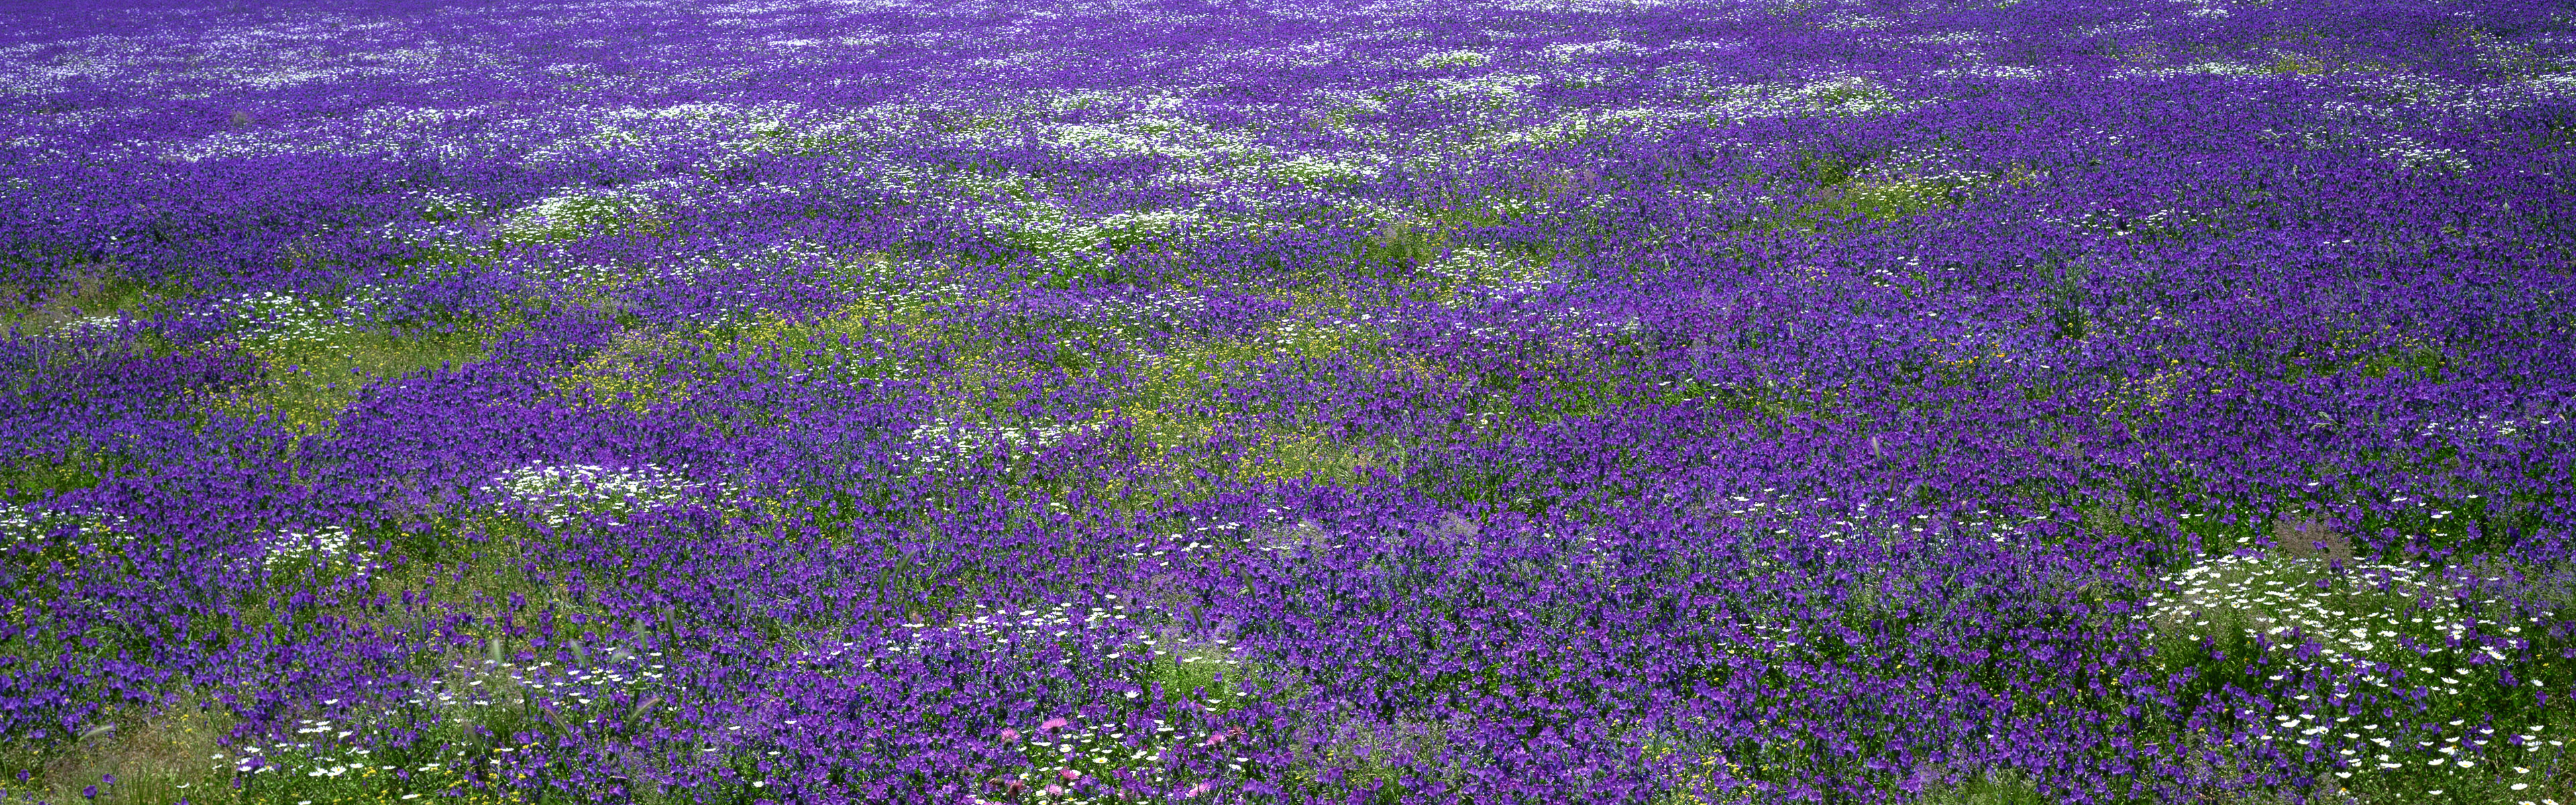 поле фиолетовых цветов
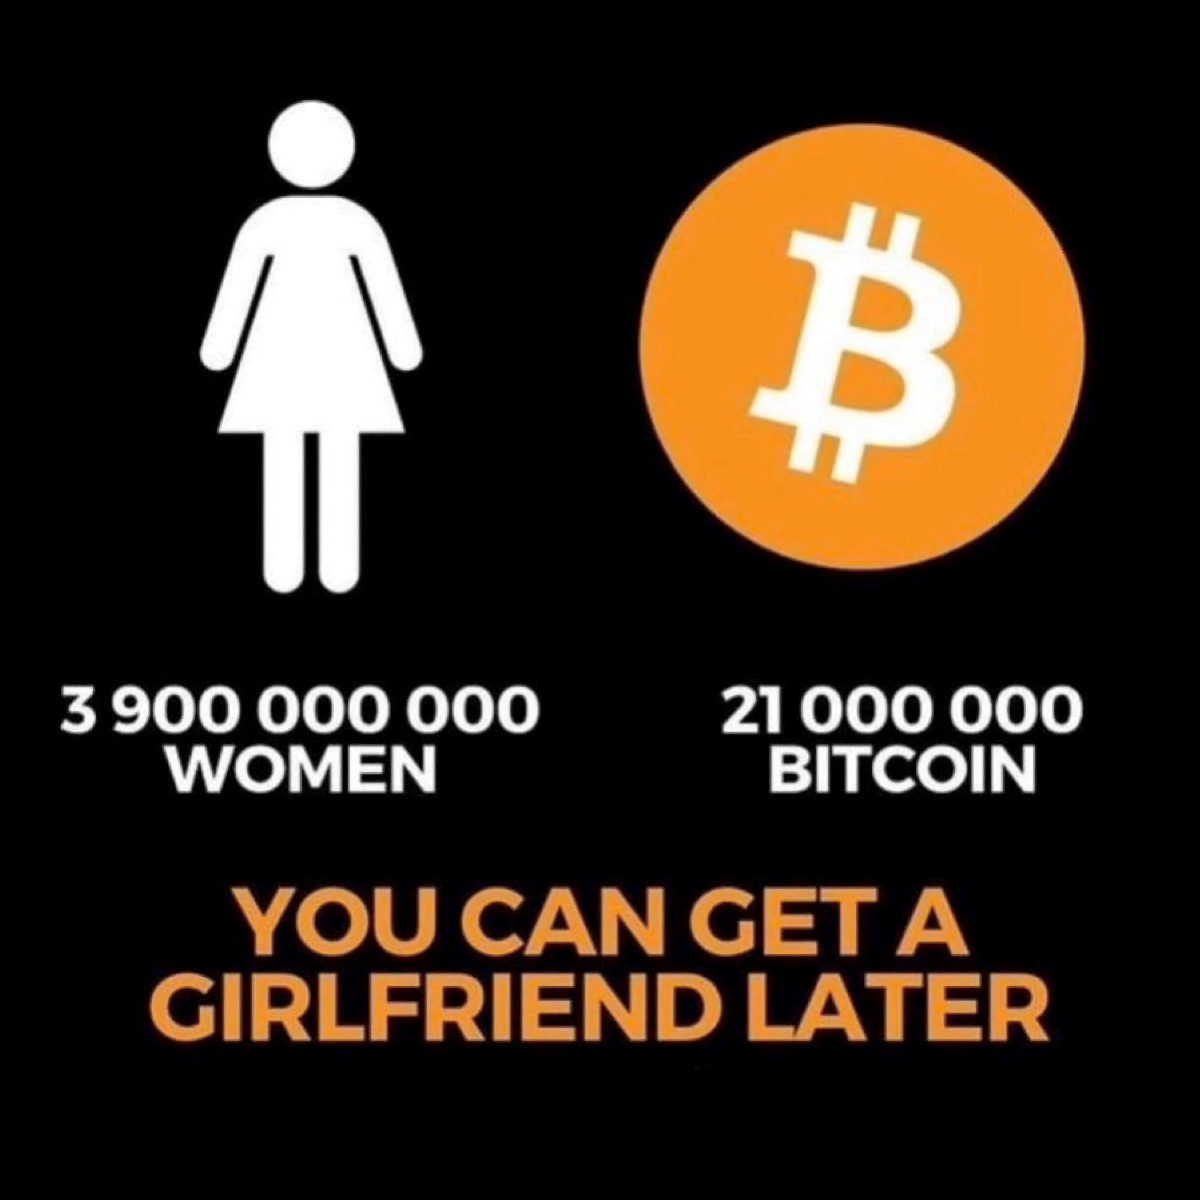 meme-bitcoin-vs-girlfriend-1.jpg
□ □ □ □
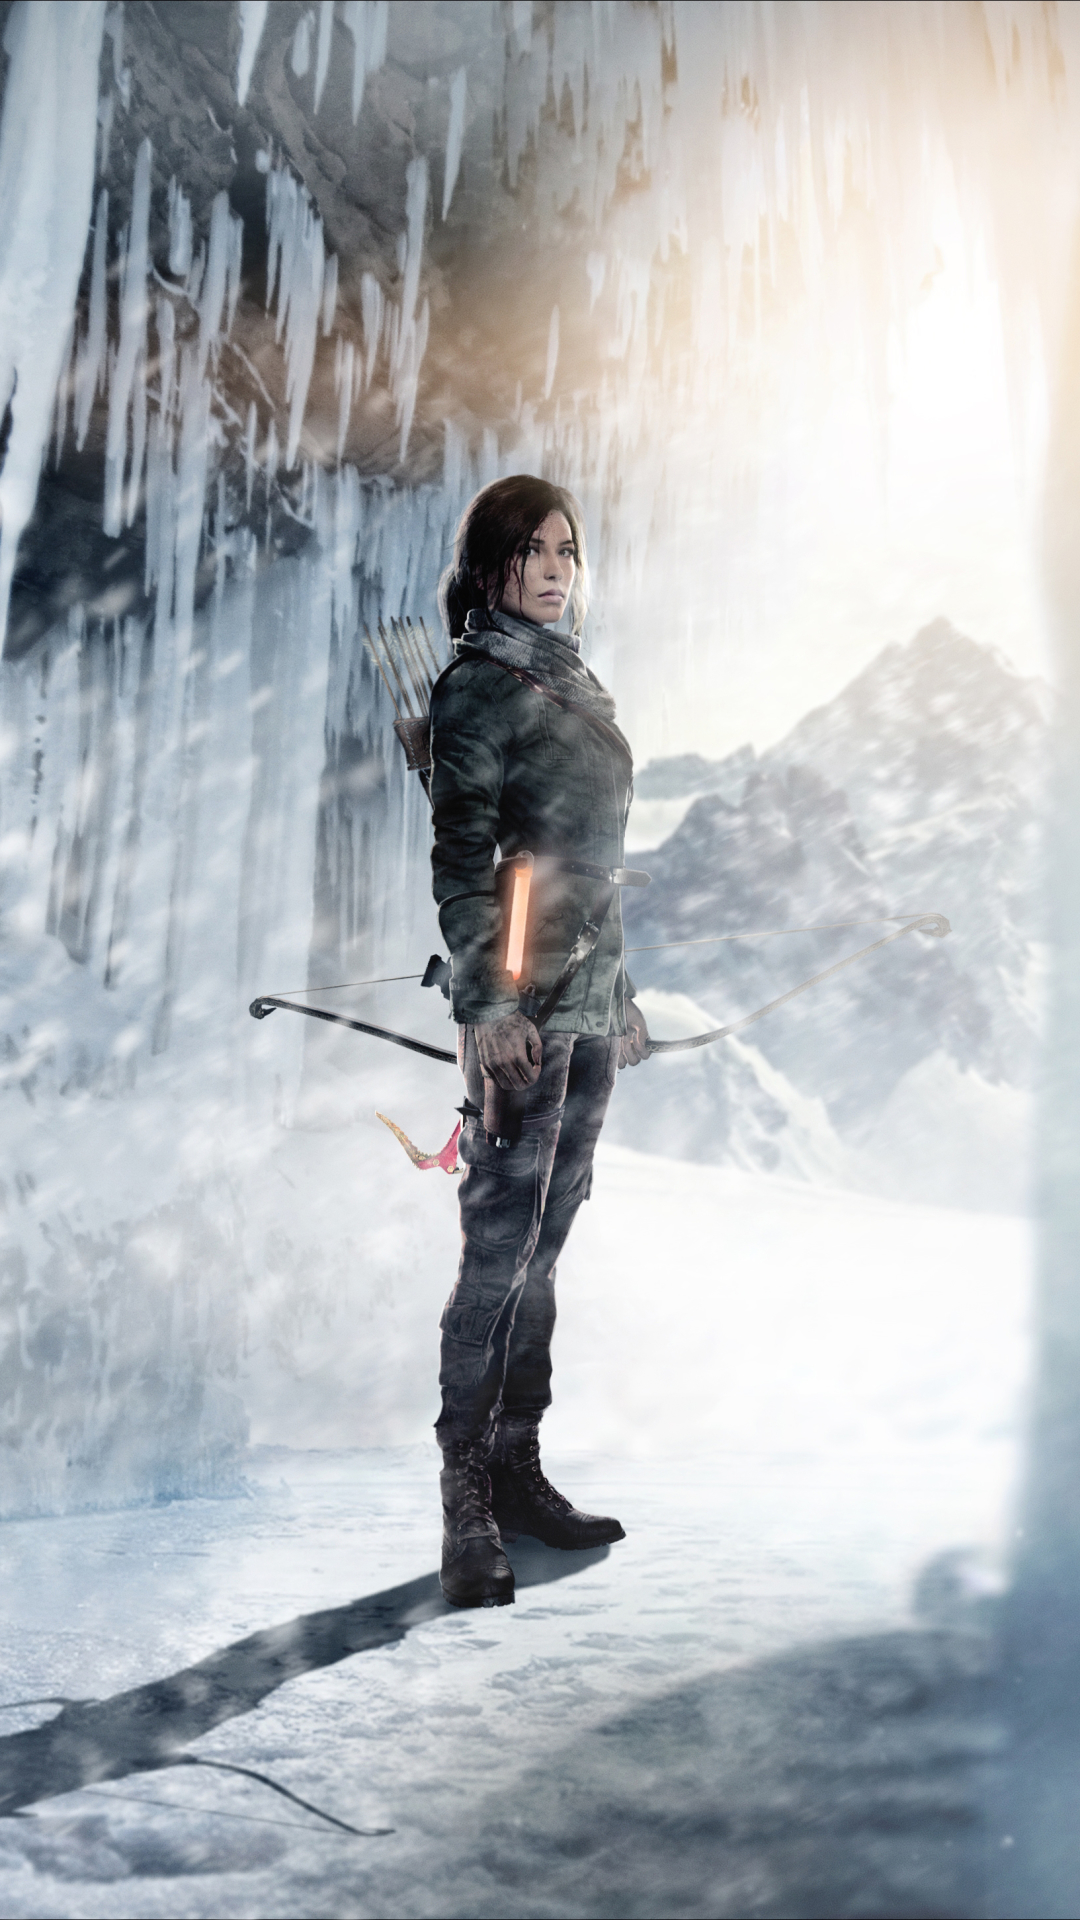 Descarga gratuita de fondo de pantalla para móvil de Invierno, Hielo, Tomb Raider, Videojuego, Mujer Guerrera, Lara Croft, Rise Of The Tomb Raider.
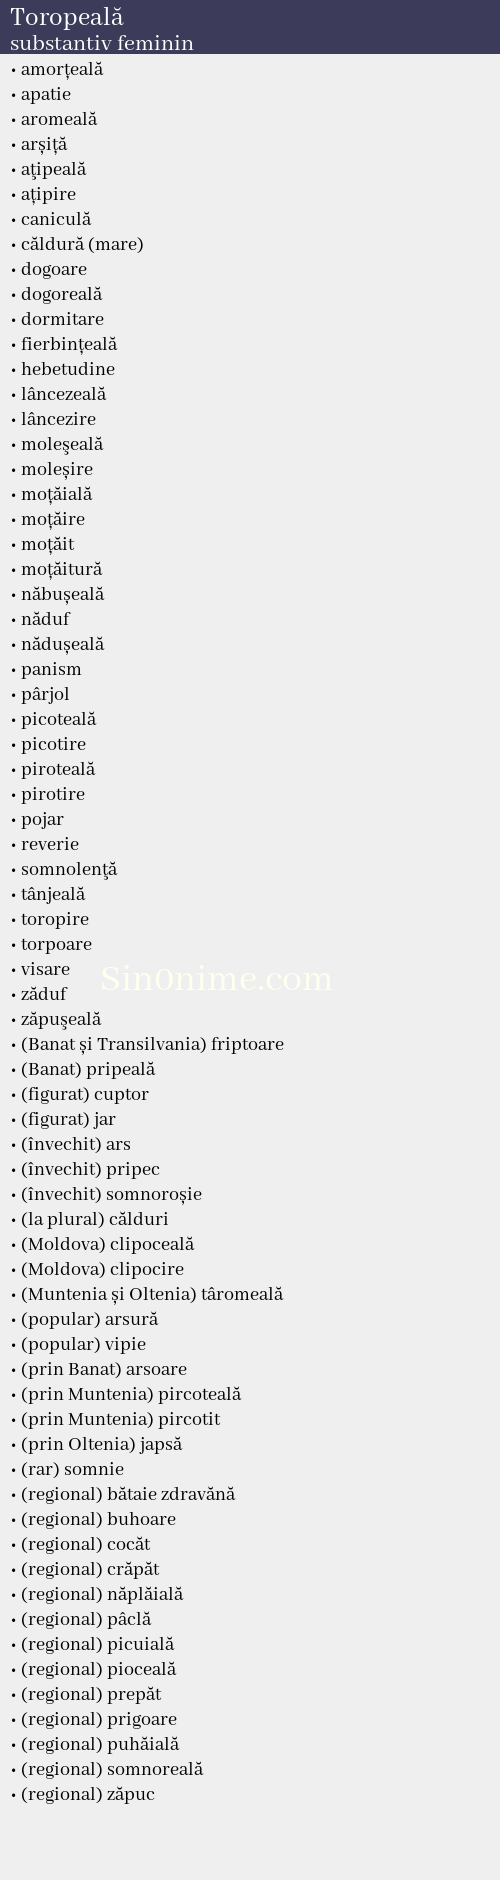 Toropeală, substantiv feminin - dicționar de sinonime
□ □ □ □
Range to copy from the listing above: the line with "поле фиолетовых цветов" through the line with "meme-bitcoin-vs-girlfriend-1.jpg". Transcribe it exactly and skip the pictures.

Output
 поле фиолетовых цветов
 meme-bitcoin-vs-girlfriend-1.jpg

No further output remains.